Around the Island

Anderson Trio opens Friends of Music season on April 25

COURTESY PHOTO | The Anderson Trio will open the Shelter Island Friends of Music season on April 25.
COURTESY PHOTO | The Anderson Trio will open the Shelter Island Friends of Music season on April 25.

BY JOAN BAUM  CONTRIBUTOR

The only downside to the Saturday, April 25 appearance at the Presbyterian Church of Grammy Award winners, Peter and Will Anderson, is lack of time. The audience will surely want more. Though these extraordinary 28-year-old twins, both virtuosos on sax and clarinet, are Juilliard graduates and occasionally riff on Bach, their abiding passion is jazz, augmented with infusions of Latin, R & B and pop.

Well-known pros continue to note that the Andersons are among the most expertly disciplined and joyfully improvisational young musicians around, not to mention being gracious and affable entertainers.
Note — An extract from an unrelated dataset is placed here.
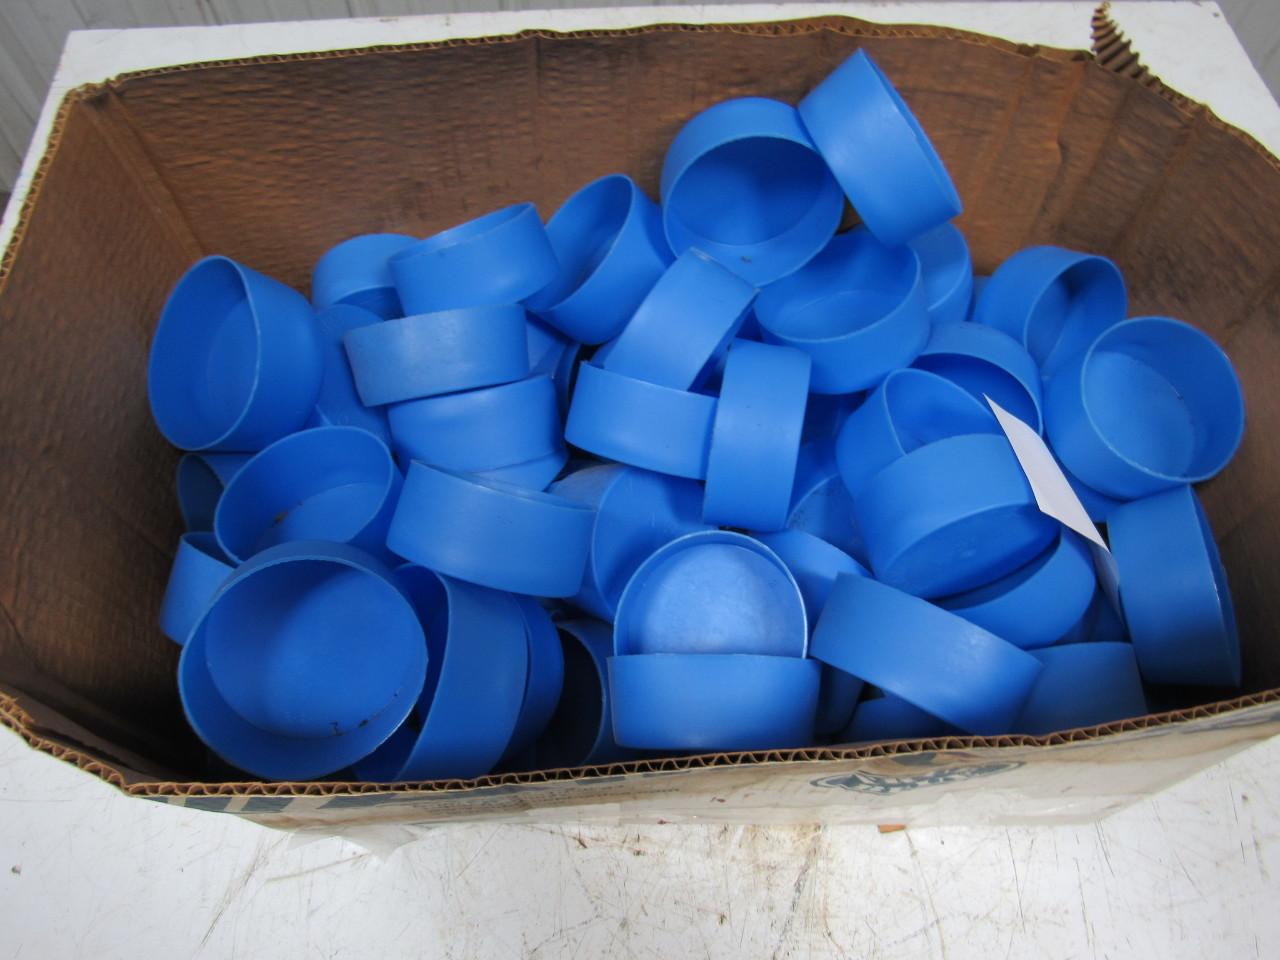 Alliance essentra quot push fit closed end pipe cap blue

Presentation is as crucial, they say, and playing before a live audience is the best way for musicians to grow. It’s an opportunity to show influences and also how they distinctively venture out. Even their patter shows how much they love what they play and enjoy performing — a repertoire that includes timeless standards from the American Songbook, “music rooted in America.” But it’s their arrangements of familiar songs that prove stunning. They go where you don’t think they will — or technically can -— and then you nod, yes!

Last year, with their steady partner, the acclaimed guitarist Alex Wintz, the trio wowed the crowd at the John Drew Theater in East Hampton. Some of that program will be reprised on the Island, but always as “something different.” For those who heard them at Guild Hall last July, they promise, “We’re the same guys, but better.”
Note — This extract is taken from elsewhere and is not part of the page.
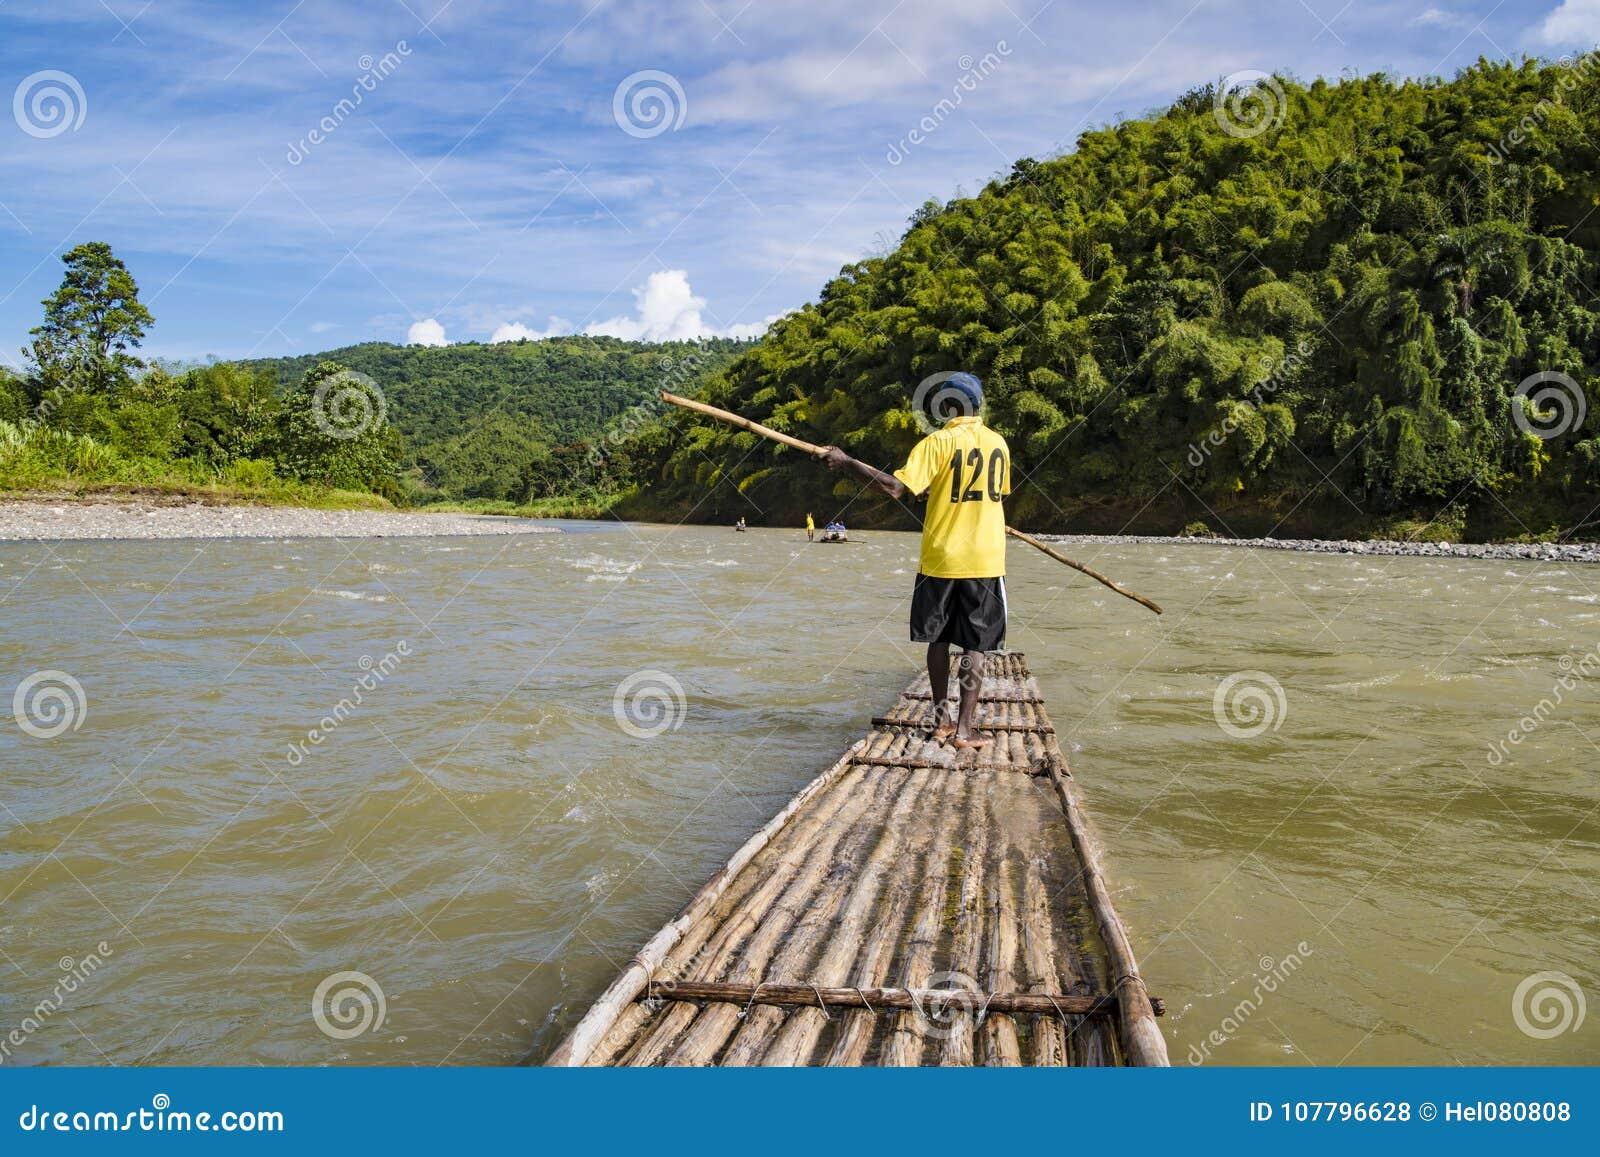 Rafting on bamboo rafts on Rio Grande, Port Antonio, Jamaica

That’s the nature of jazz, doing classics by “breaking out.” Even Cole Porter, whom they love, surprised folks back in the day, they point out. Their goal is always “to be original,” to continue to attract the audiences they have and win over new listeners. They dazzle, by way of  elegant musical conversations and with arrangements, so clean and warm, dissonant harmonies so subtly satisfying, that it’s as though they’re playing a piece for the first time.

The president of Shelter Island Friends of Music, Forrest Compton, said he is thrilled to have them open the five-concert season, knowing how the classically trained Andersons fit in with SIFM’s overall classical programs. SIFM is now into its 38th year.

Mr. Compton, a former film and TV actor, who is entering his fourth year at the helm of this non-profit organization, took over from the indomitable Dorothy Seiberling. He notes that 20 years ago or so, when he joined the board, SIFM was the only serious series in town. Now the Perlman Music Program and concerts at Sylvester Manor command attention, so Shelter Island can boast a plethora of music activities. Mr. Compton said that the organizations cooperate with one another on scheduling, though the embarrassment of riches has prompted SIFM to consider more diverse programming, such as the Andersons, without sacrificing its chamber music core. For the June 6 concert the audience will be treated to the violin magic of Areta Zhulla, a Perlman alum, and September will see the Lark Quartet.

The Anderson Trio concert will take place on Saturday, April 25 at 8 p.m. at the Presbyterian Church. It is free, as is the post-concert reception, although donations are always appreciated.